Biomaterials with SF were reported to have excellent mechanical properties.1,2,8,9 In Marsano et al’s9 study on blended regenerated cellulose-SF fibers, they found that a ratio of 75:25 had better mechanical properties with higher modulus compared with a pure cellulose control. Li et al,8 in their study on an SF/sodium alginate blend, reported similar results.

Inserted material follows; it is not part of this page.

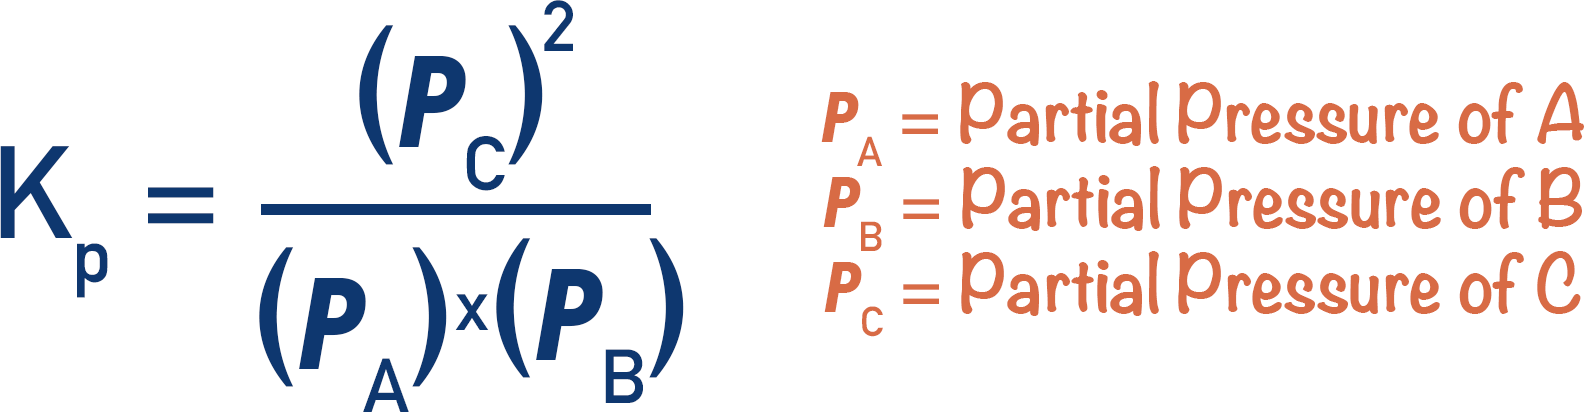 Kp expression partial pressures equilibrium constant a-level chemistry
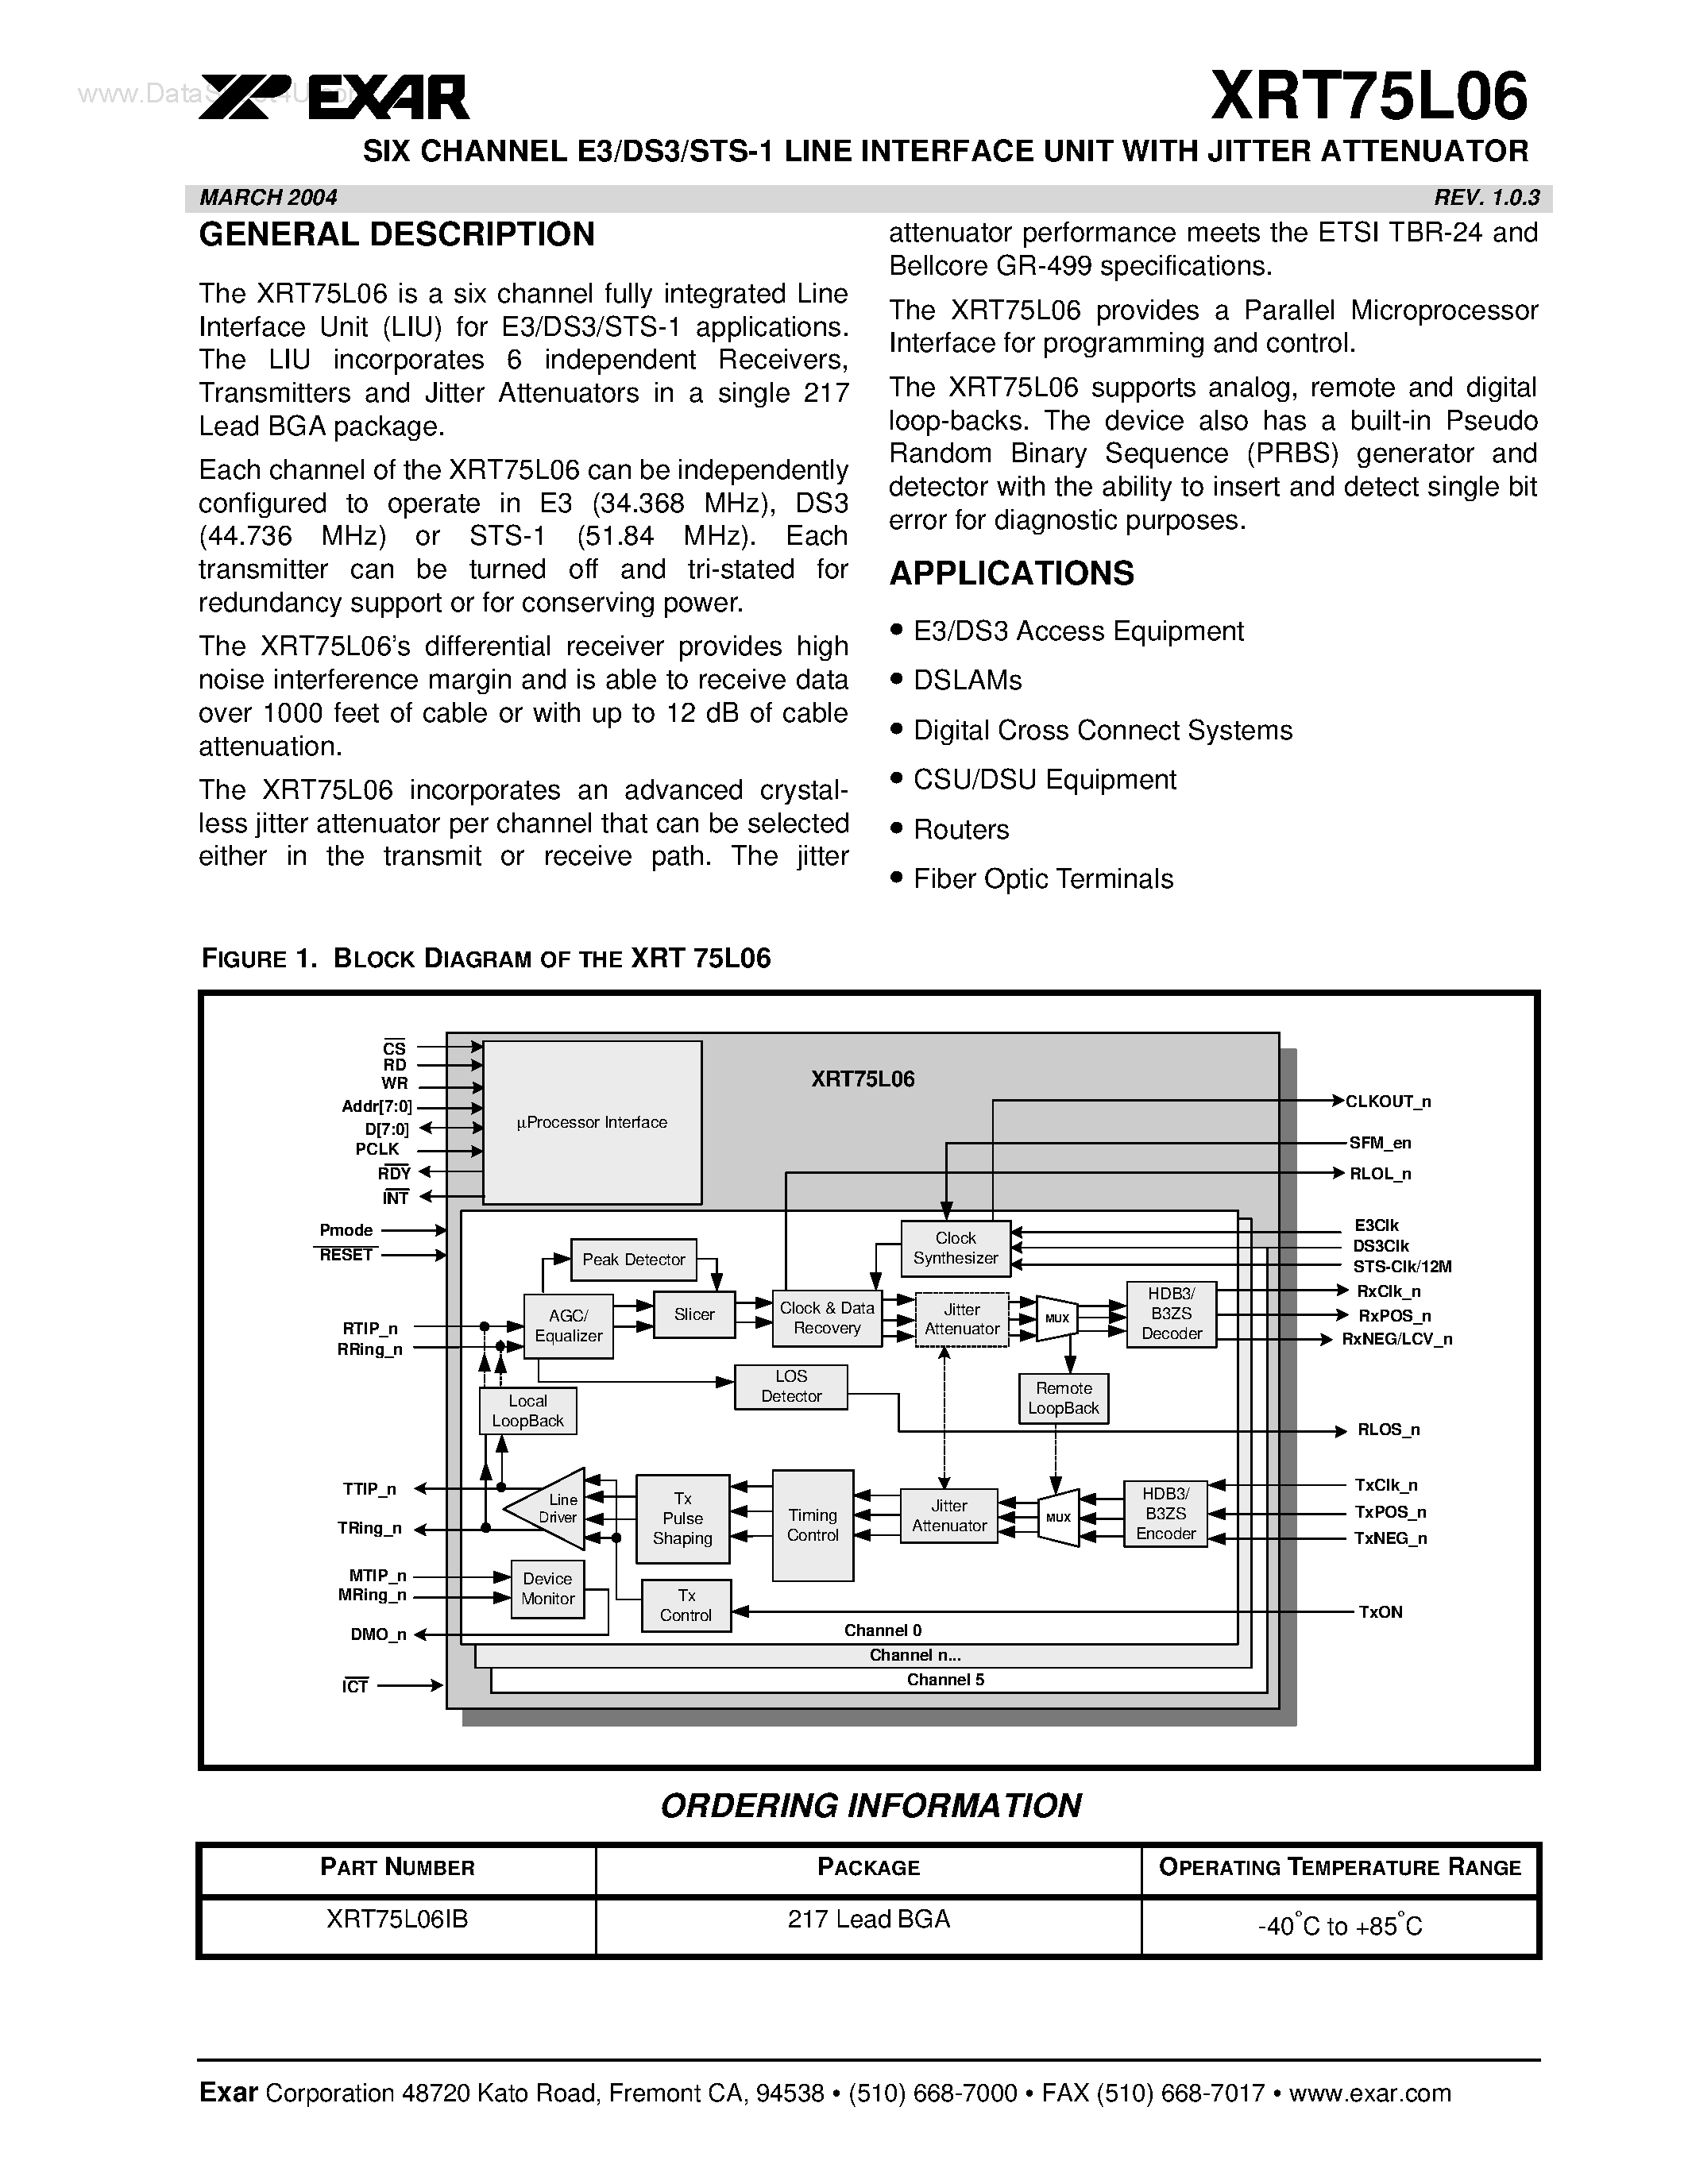 Datasheet XRT75L06 - SIX CHANNEL E3/DS3/STS-1 LINE INTERFACE UNIT page 1

Song et al5 mentioned that SF blends have good biocompatibility but did not perform any formal investigation to support their statement. There were four articles that anecdotally described SF blended biomaterials as having controlled biodegradability1,2,5,8 and four that reported (also anecdotally) SF does not greatly induce immune response when used in vivo.2,5,10,11

Li et al8 reported that although SF with β-sheet form has better mechanical properties, random coil conformation increases hydrophilicity of SF-blended wound dressings. The water contact angles of their SF/sodium alginate–blended films were generally lower compared with their control film. However, water uptake capacity is also affected by the concentration of SF in the blend.12 Reduced reuptake ability was observed in a 50% SF blend1 because excess SF can affect the polymer surface structure.

Only one study reported the blood compatibility of SF-blend materials. Sakabe et al’s13 in vivo experiments using fibroin-coated sutures buried in animal connective tissue found that there was no evidence of thrombus formation at days 1 and 14 of their experiment. Li et al8 reported only supportive anecdotal opinions on the blood compatibility of SF biomaterials.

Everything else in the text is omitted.